Moreover, injection of molten metal into the crack is noted, which can be explained by the action of compressive thermal stresses that arose in the vicinity of the crack tips as a result of heat treatment. These findings confirm the results of related studies carried out in works [46,47] that non-uniform local heating in the vicinity of the crack tips causes compressive thermal stresses, leading to the ejection of molten metal from the edges of the cracks toward the interior.
In one study [55], based on the finite element method, a mathematical model was proposed for calculating the stress intensity factor (K) for cracks located in a stress concentration zone in elements of metal structures. The dependence of the intense stress coefficient (K) on the crack shape was found.
For semi-elliptical cracks, a dimensionless coefficient Q was assigned:
Q = 1 + 1.464 ( a b ) 1.65
where Q is a dimensionless coefficient that characterizes the shape of the crack; a is the crack length in mm; and b is the crack width in mm.
Figure 16 shows the idealized semi-elliptical surface crack geometry.
Figure 17 presents the dependence of the stress intensity factor on the crack shape.
Figure 17 shows that the crack shape significantly affects the stress intensity factor at its tip since more elongated cracks cause more stress concentrations at their tips than cracks with a more rounded shape. The observed findings can be explained by significant changes in metal geometry near a sharp crack tip resulting in a significant stress gradient, which consequently leads to increased stress, as stress is a function of its gradient. On the other hand, a rounded shape leads to a more uniform distribution of stress and, consequently, a decrease in the stress intensity factor.
Figure 13, Figure 14 and Figure 15 demonstrate that MPT resulted in blunting of the crack tips, leading to their smoothing. Based on this observation and the correlation obtained in work [55], it can be concluded that the blunting of crack tips leads to a decrease in the stress intensity factor, consequently reducing the risk of further crack propagation.

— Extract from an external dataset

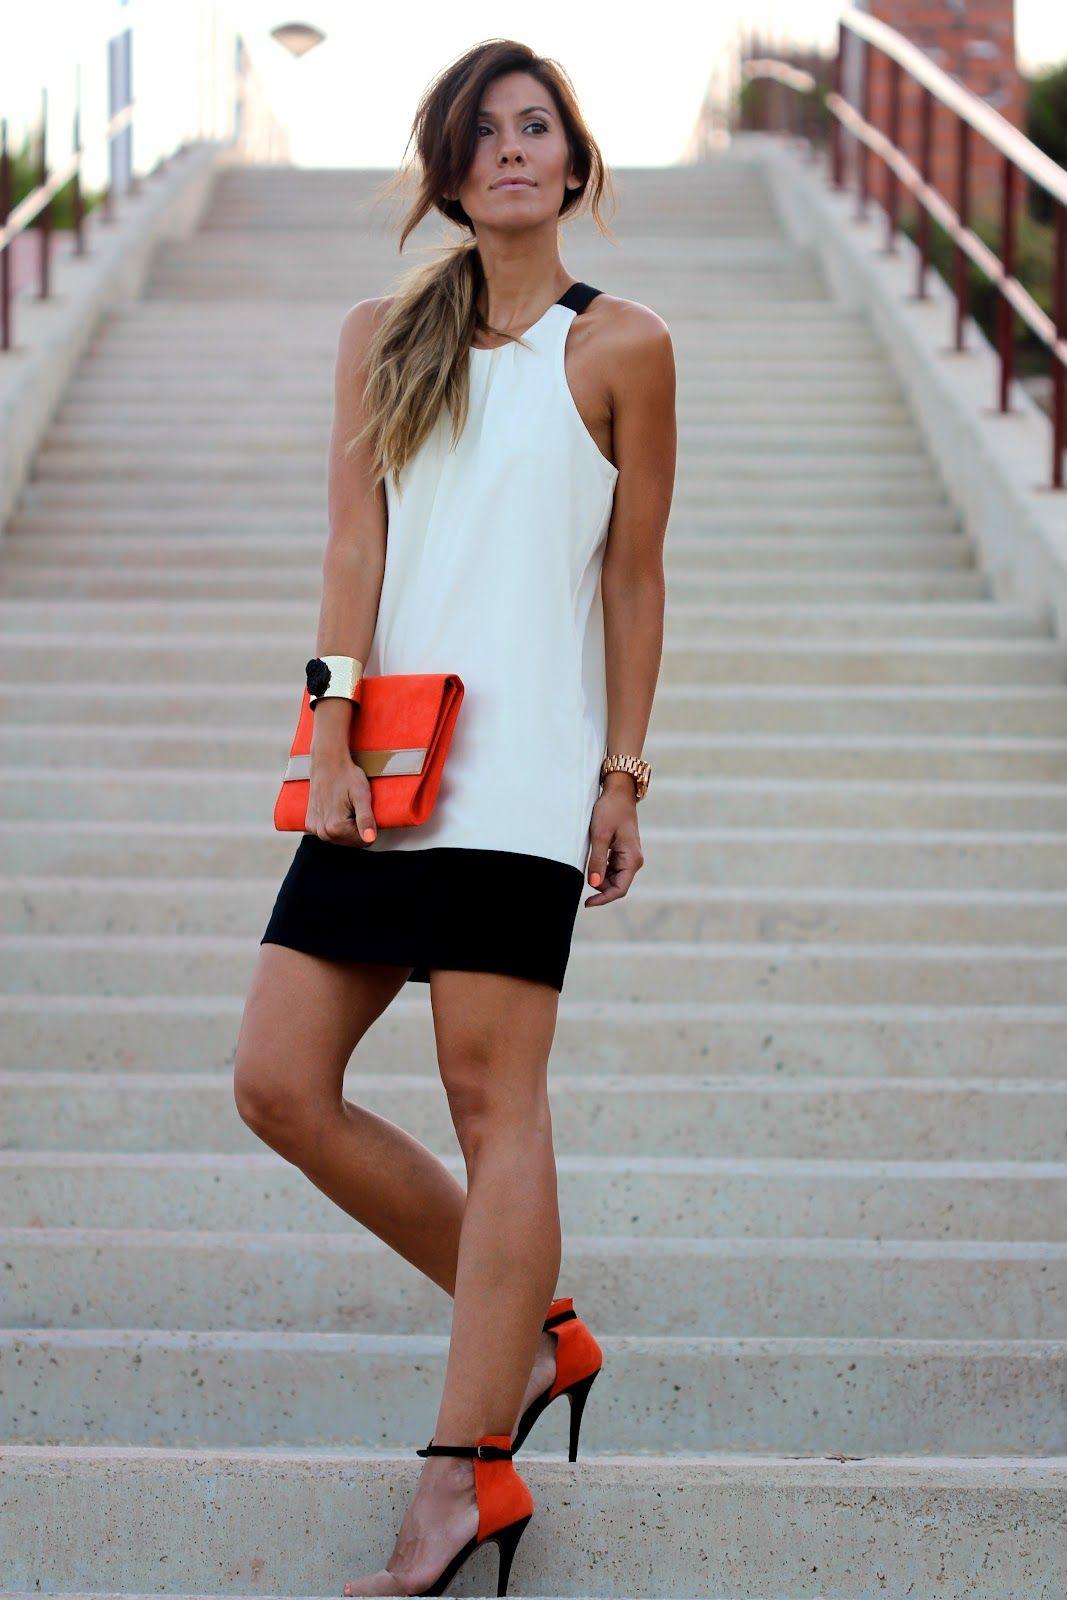 Hot pink and orange dress  Una fabulosa manera de darle color a un vestido blanco y negro

The microhardness of the metal was measured in the region of tip№2 (in the heat-affected zone) and in zone №3 (base metal). Figure 18 shows the location of the microhardness measurement points near tip №2; the figure was obtained at 50× magnification. The results of microhardness measurements are presented in Table 2.
After conducting microhardness measurements, it was found that the metal microhardness near the crack tip increased by 1.5 times compared to the microhardness of the base metal after MPT with 20 kJ. The results obtained can be explained by rapid local heating followed by rapid cooling causing a local thermal treatment in the heat-affected zone, leading to an increase in the hardness of the metal.
In the study [56], the dependence of fracture toughness on steel hardness was studied for 6-5-2 type high speed steel (0.85% C, 6% W, 5% Mo, 2% V) quenched from various austenitizing temperatures. All the samples had fatigue pre-cracks with lengths of 2 mm.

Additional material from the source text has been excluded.